Another page. “Two years in the Madagascar Penitentiary, another ten inmate deaths and three guards killed before escaping again. More crimes, more killings.”
He grinned, wondering just how thick his file was.
“Captures, escapes, a knack for killing his fellow inmates with alarming efficiency.” Pages turned faster now. “Rinse and repeat for another dozen years before he landed on my doorstep ten years ago after raping and nearly killing a child.”
He shifted against the restraints, muscles twitching. That last bit was a lie.
“Those last charges are false,” Esquire Doe countered. Gunnar wondered how she knew. “And none of that changes the fact that he is a sentient being with basic rights.”
“Which shall be properly observed in the future,” the archivist said. It wasn’t quite an order but carried weight, laden in the way the air shifted.
“None of which explains why you are here,” the warden said. “Am I to haul all the dangerous beings in this facility up for your evaluation, Archivist Avialian?”
“You mistake the situation, Warden.

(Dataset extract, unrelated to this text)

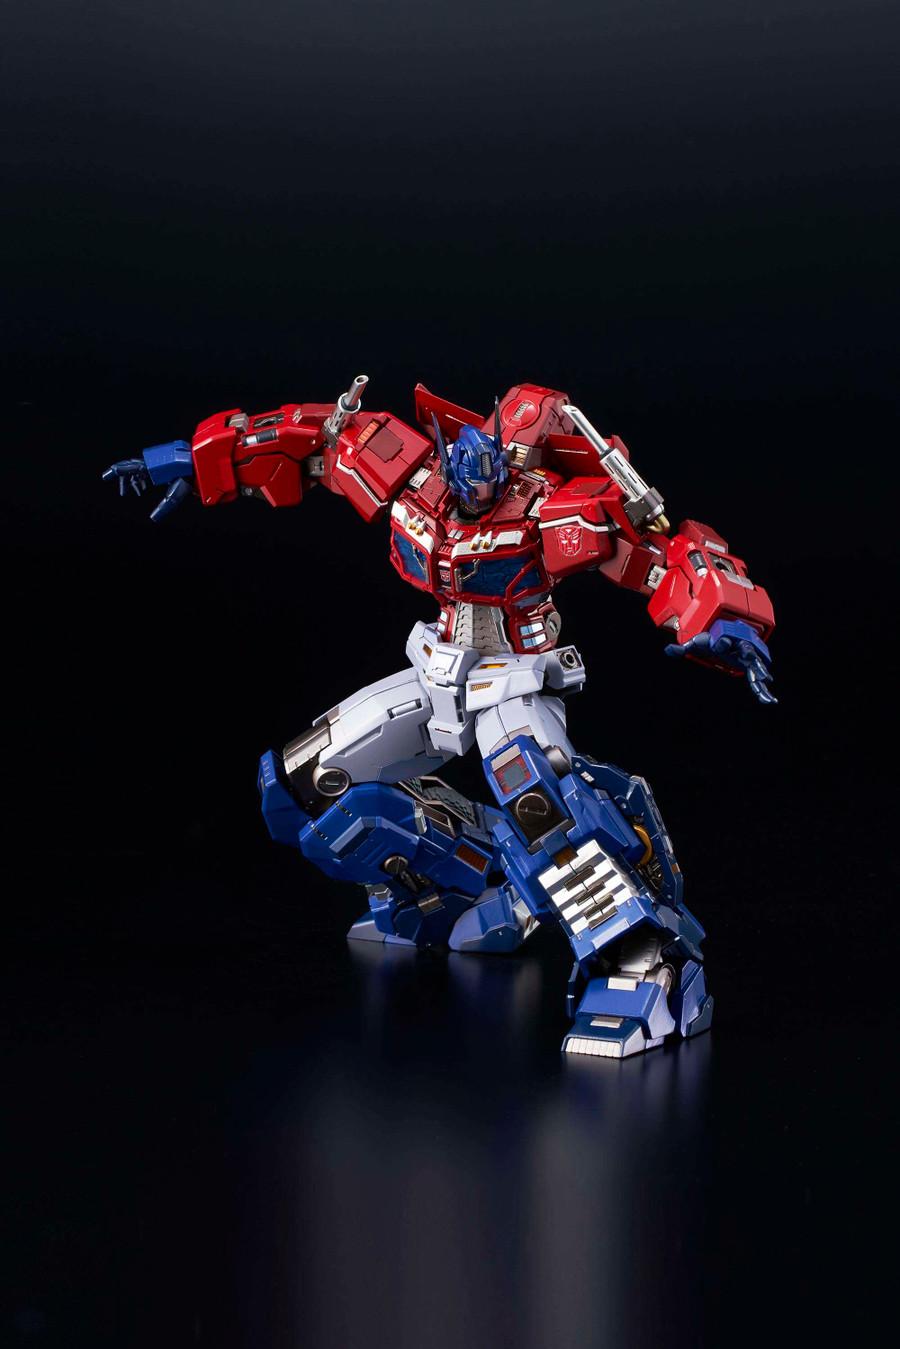 Flame Toys - Transformers Optimus Prime

I am the assistant in this scenario. Esquire, if you would?”
She straightened herself with a rustle of cheap fabric, very unlike the archivist’s expensive silk robes or the warden’s starch-crisp uniform. “I’m here to secure his release.”
Gunnar blinked, wincing at the stab of light.
What the actual fuck?
The room remained deadly silent for a beat.
When the warden spoke again, his tone had shifted. Overly gentle. Curious.
Cautious.
“You have a promising future as an esquire, after helping appeal such significant legislation. The controversy surrounding it aside. Why would you risk your new found status on this . . . creature? Even with the adjustments to the Vilestars Accord, John Dust 78102 is a documented killer. That makes him ineligible for the new parole conditions.”
“That’s true,” the woman agreed. “Which is why I’m going to prove he became a killer because of his forced imprisonment under the Accord’s original version.”